Cheryl previously was waffling between cat, has, max, and tag, and Albert’s statement only eliminated tag. But Bernard’s statement eliminated has and max, because if it was ‘has’ then Bernard would have had h or s and wouldn’t have had to wait for Alfred, and if it was ‘max’ then Bernard would have had m and wouldn’t have been able to pick between max or dim based on Alfred’s statement. So cat it is.[/spoiler]

19

Yeah, I didn’t get all the way up to the top with even numbers. I don’t think 41 works: odd numbers are the sum of an odd number and an even number, and the only even number that’s prime is 2, and 41-2=39, and 39 is composite.

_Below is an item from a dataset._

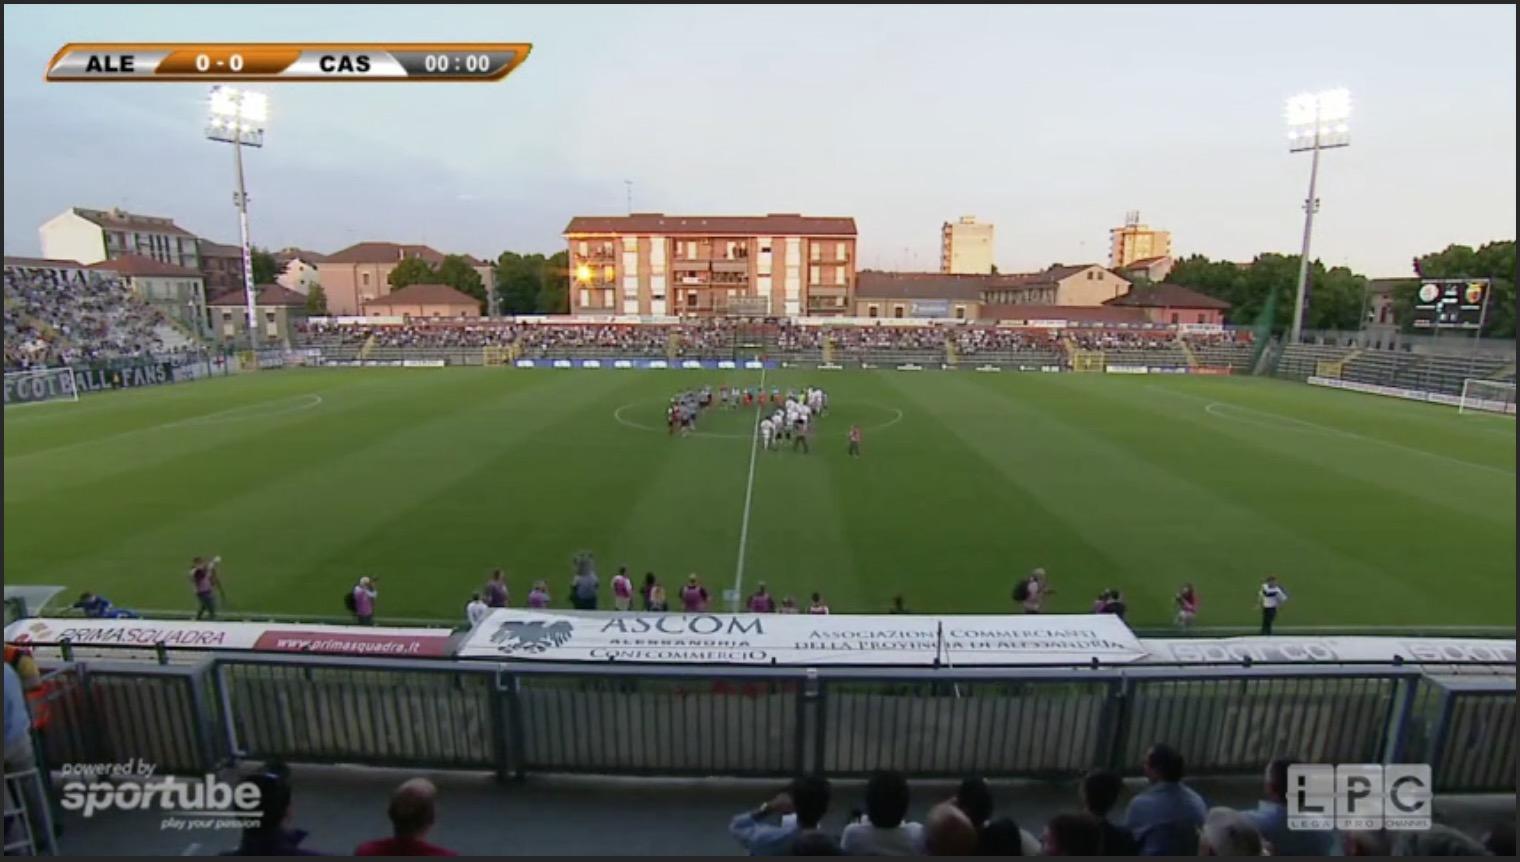 Lecce-Alessandria 1-1 Calcio legapro, quarti di finale. Domenica il ritorno
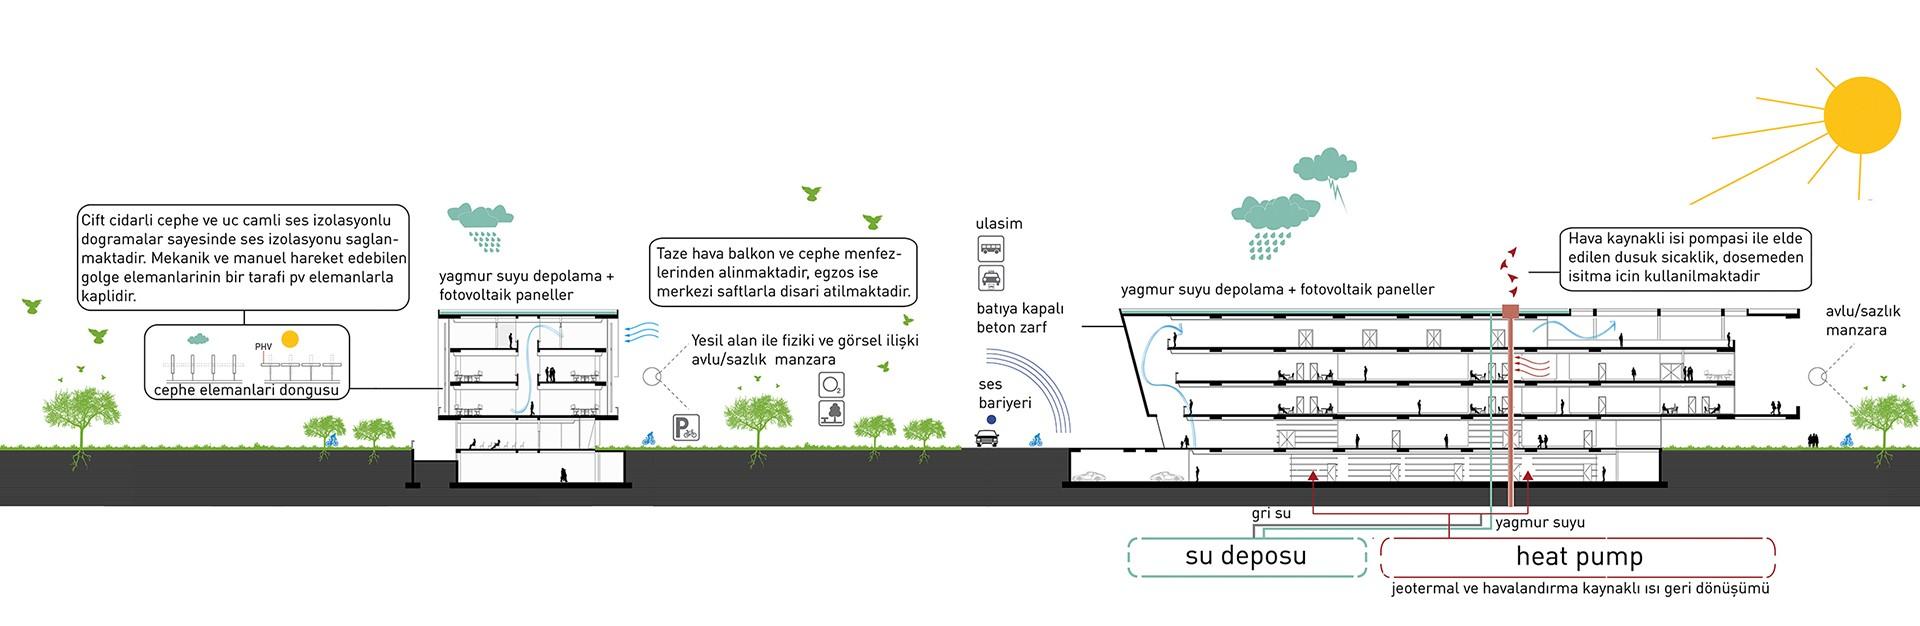 diyagram 3

But you’re right about 55.

Do 82 and 92 have two prime addends less than 50?

So if I’m thinking about it right, the two numbers:

  1. Must add up to a sum that has no two addends that are both prime.
  2. Must multiply to a product whose possible factors only have one way to meet rule 1.
    But I’m having trouble wrapping my head around that. I’ll keep thinking about it.

Thanks, I love this puzzle!

20

Hmm.

[spoiler]Strictly speaking, are we told that Bernard had to wait until Albert had spoken, or only that he did wait until Albert had spoken?

As far as I can tell, we aren’t told that he was asked to announce whether he knows the word; sure, that was the case in AHunter3’s problem, where people take turns admitting that they can’t answer the question that gets asked — but, here, what, he at some point happens to say something that’s true, even though for all we know nobody ever actually bothered to ask him about it?

In which case, he could have an ‘s’, and Albert could have an ‘h’, and they could each tell the truth; and Cheryl — who’d know of that possibility — would ponder her ‘a’ and think, “well, crap; there are multiple possibilities.”[/spoiler]